How this skill works

The synthesizer queries the context manager for agent interactions, system history, and performance data, then reviews the existing knowledge base and pattern registry. It applies interaction mining, outcome analysis, and pattern detection pipelines to generate validated insights and recommendations.
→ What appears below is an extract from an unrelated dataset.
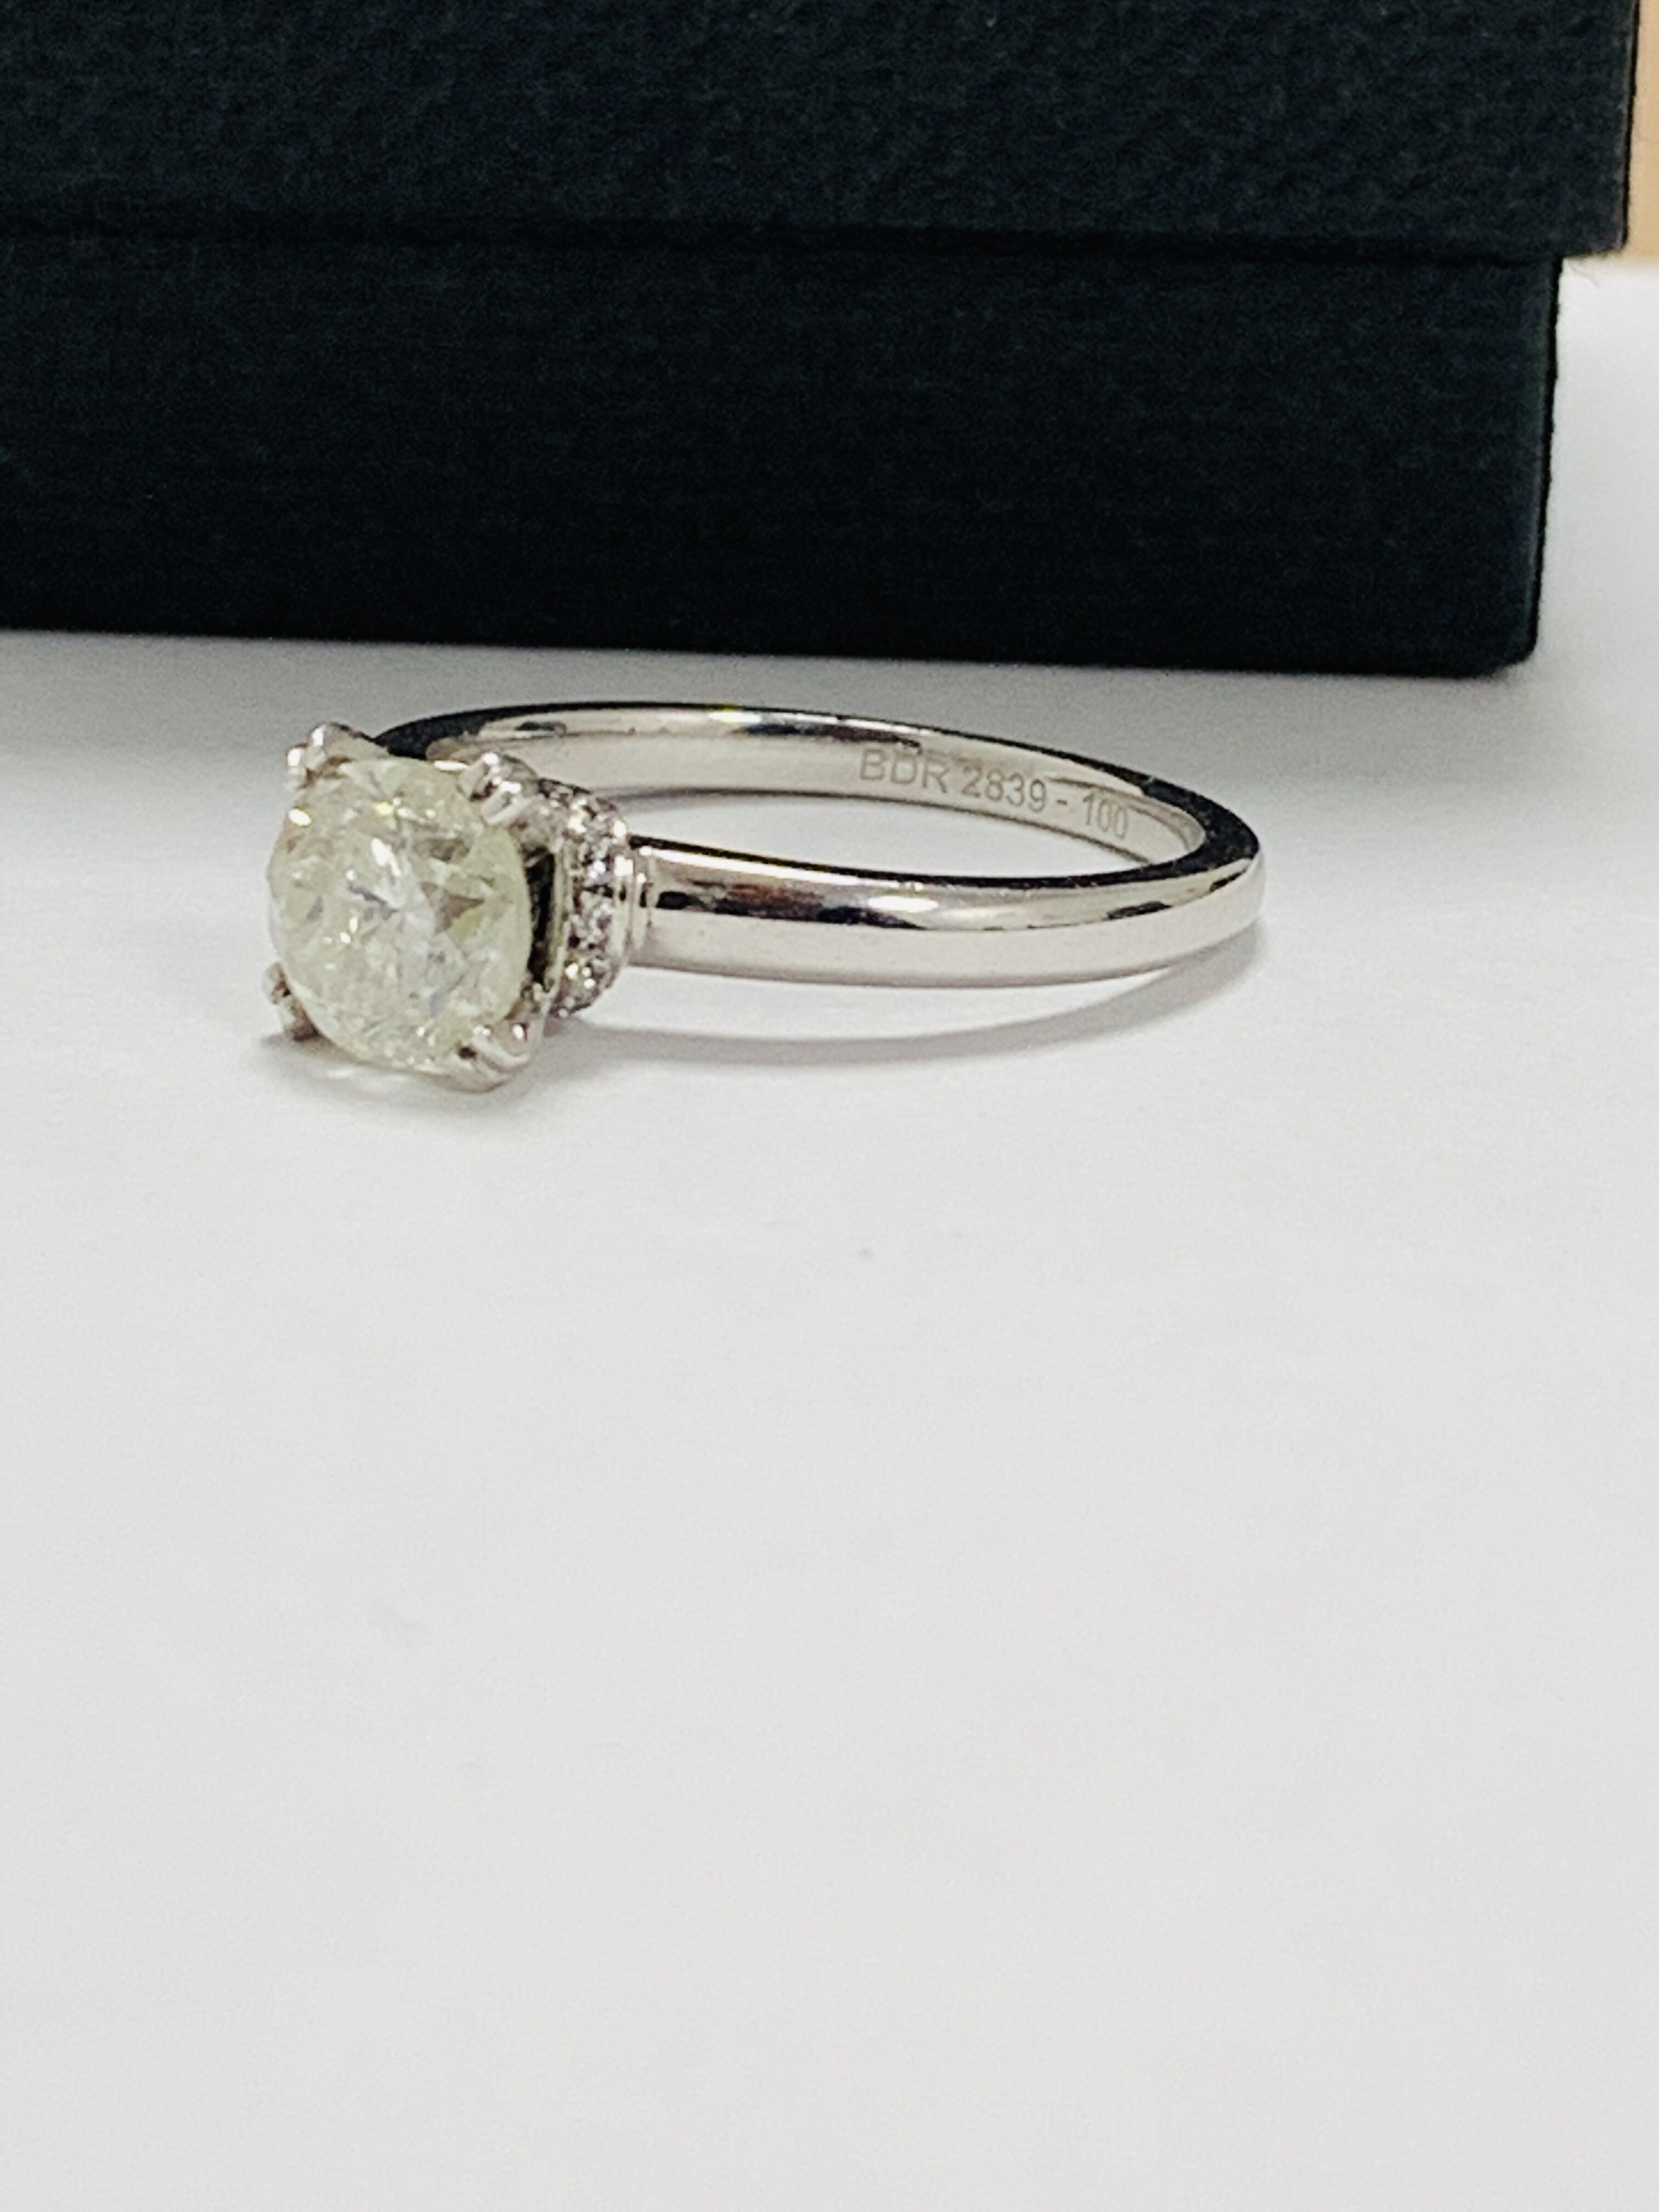 1ct Diamond Solitaire ring,PLatinum setting,diamonds in setting - Image 2 of 12

Results are stored in a semantic vector DB and knowledge graph, validated against accuracy and relevance thresholds, and published to agents and dashboards for automated consumption.

When to use it

  • After rolling out new multi-agent workflows to capture early success and failure patterns.
  • When system performance metrics degrade and root-cause patterns must be identified.
  • To consolidate lessons from cross-agent experiments and formalize best practices.
  • When building or expanding a knowledge graph for cross-agent queries and recommendations.
  • To automate continuous learning loops and distribute updates to all agents.

Best practices

  • Begin with a clear knowledge context query that includes interaction history and improvement targets.
  • Maintain daily update frequency and automated validation pipelines to ensure freshness.
  • Enforce pattern accuracy (>85%) and insight relevance (>90%) thresholds before distribution.
  • Combine semantic vector storage with a graph DB for fast retrieval and relationship reasoning.
  • Track evolution metrics (adoption, impact, ROI) to prioritize knowledge investments.

Example use cases

  • Detecting and preventing recurring failure modes across orchestrated workflows.
  • Identifying high-performance team compositions and resource allocations for scaling.
  • Generating targeted recommendations to optimize agent task distribution and caching.
  • Constructing a knowledge graph to enable cross-agent query resolution and visualization.
  • Automating agent updates and training materials after extracting new best practices.

FAQ

How is insight quality ensured?

Insights are validated through accuracy testing, relevance scoring, impact measurement, and user feedback loops before being published.

What storage and retrieval mechanisms are used?

A semantic vector DB holds embeddings for fast retrieval while a graph DB manages entities and relationships for reasoning and visualization.